Most of all, Buffett wants to own companies with strong competitive advantages that have earnings he can predict far into the future. That’s why firms like Nike or Costco might theoretically appeal, assuming prices are attractive. To be sure, neither has indicated it’s actually for sale -- or that it would play along if a deep-pocketed buyer makes a bid.

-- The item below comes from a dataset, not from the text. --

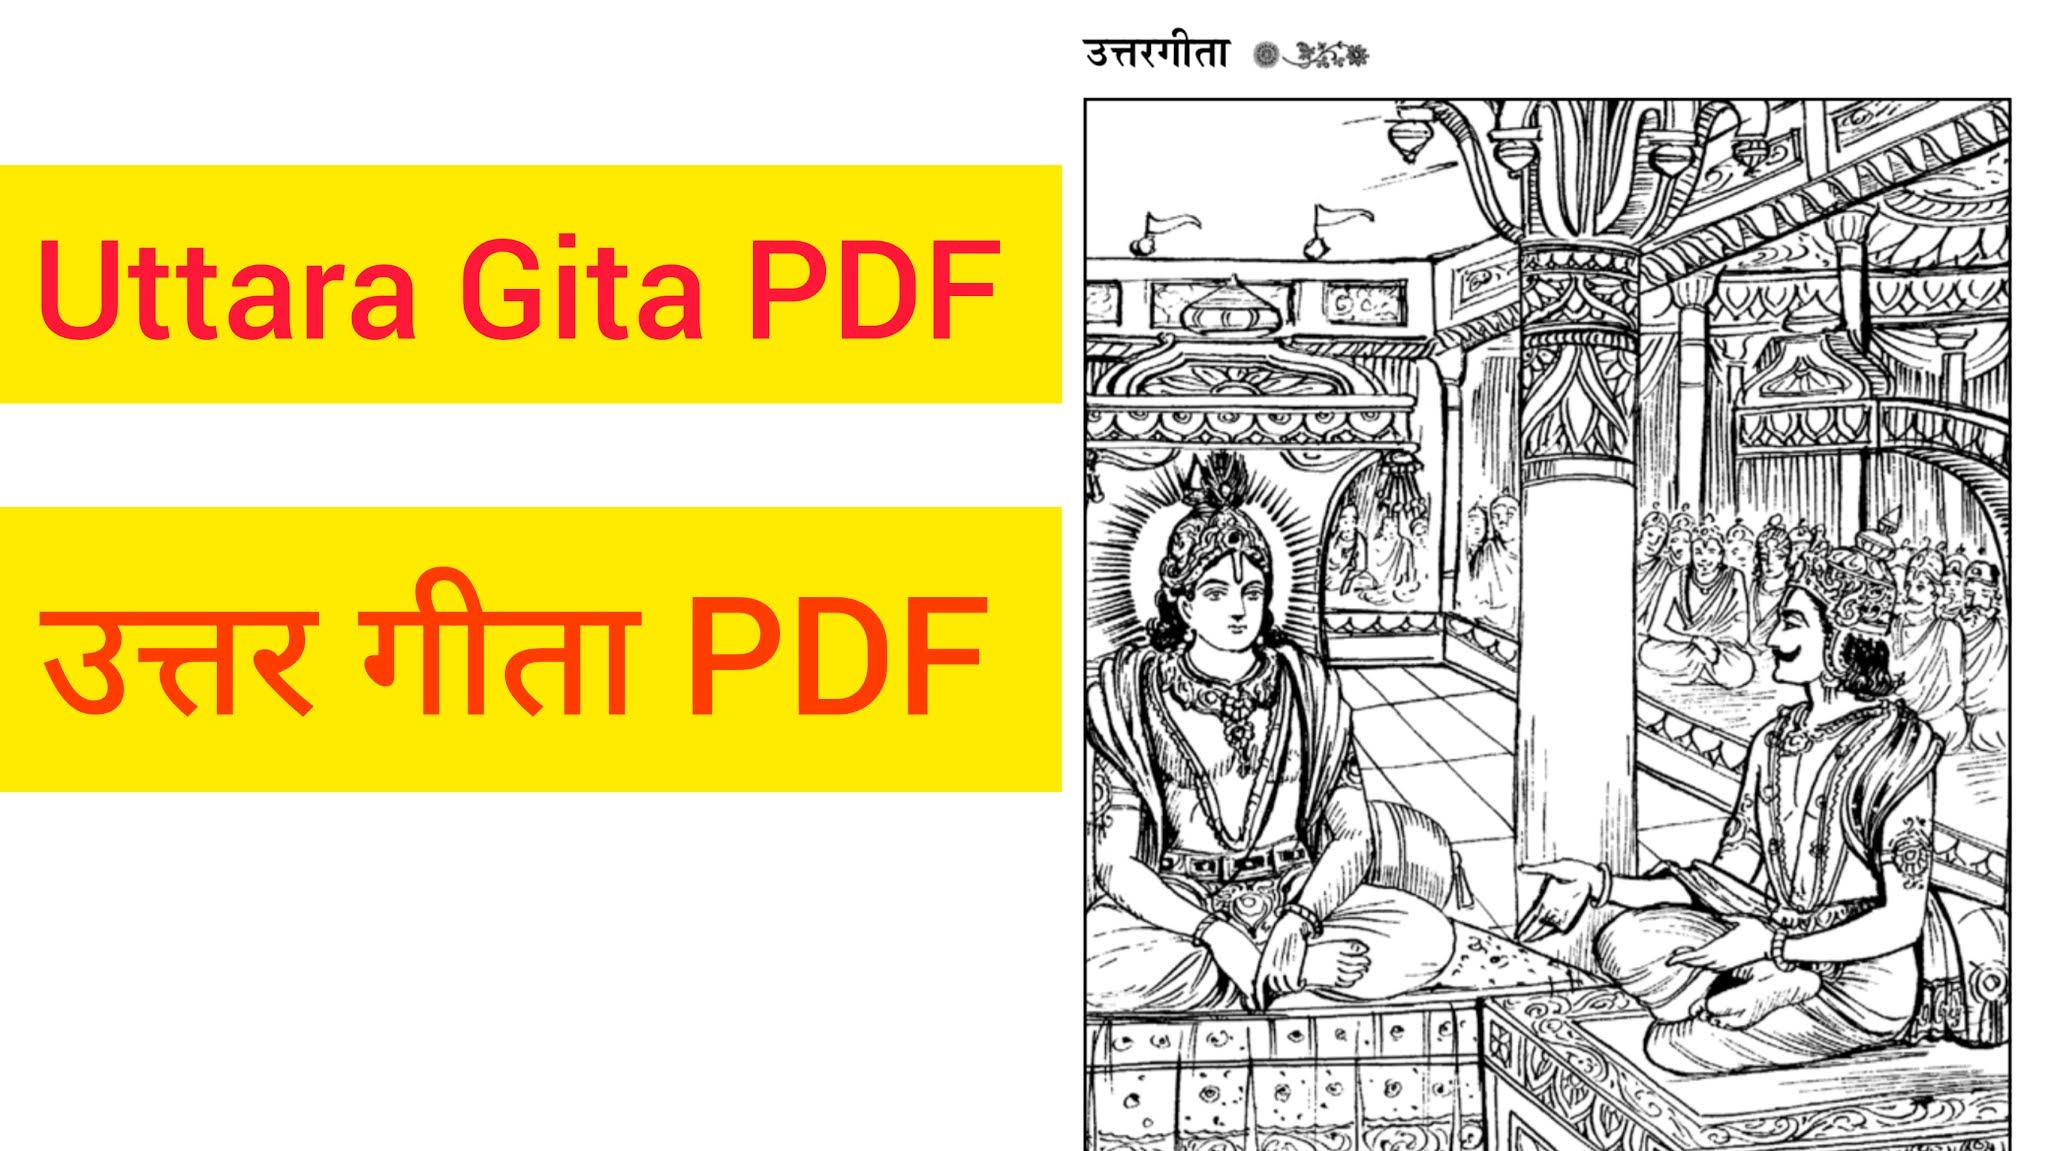 Uttar Gita PDF

Buffett certainly has the war chest to do so. At the end of December, Berkshire had $86.4 billion in cash, earning barely anything. That could balloon to $100 billion by mid-year as profits roll in from its dozens of subsidiaries, like auto insurer Geico and BNSF, said Jim Shanahan, an analyst at Edward Jones. And even though Buffett prefers to set aside at least $20 billion for a rainy day, it’s still “a lot of cash to be sitting on,” Shanahan said. Buffett didn’t immediately return a message seeking comment.

Investment Sales

The billionaire has plenty of other pockets to dig into, as well. He’s indicated he could sell portions of Berkshire’s stock portfolio to fund a deal. Some of those investments, including a $13 billion holding in International Business Machines Corp., could be liquidated without incurring much of a tax bill.

Then there’s debt. Buffett borrowed almost a third of the sum required for last year’s $33 billion deal for manufacturer Precision Castparts Corp. With interest rates so low, that could be a particularly attractive option.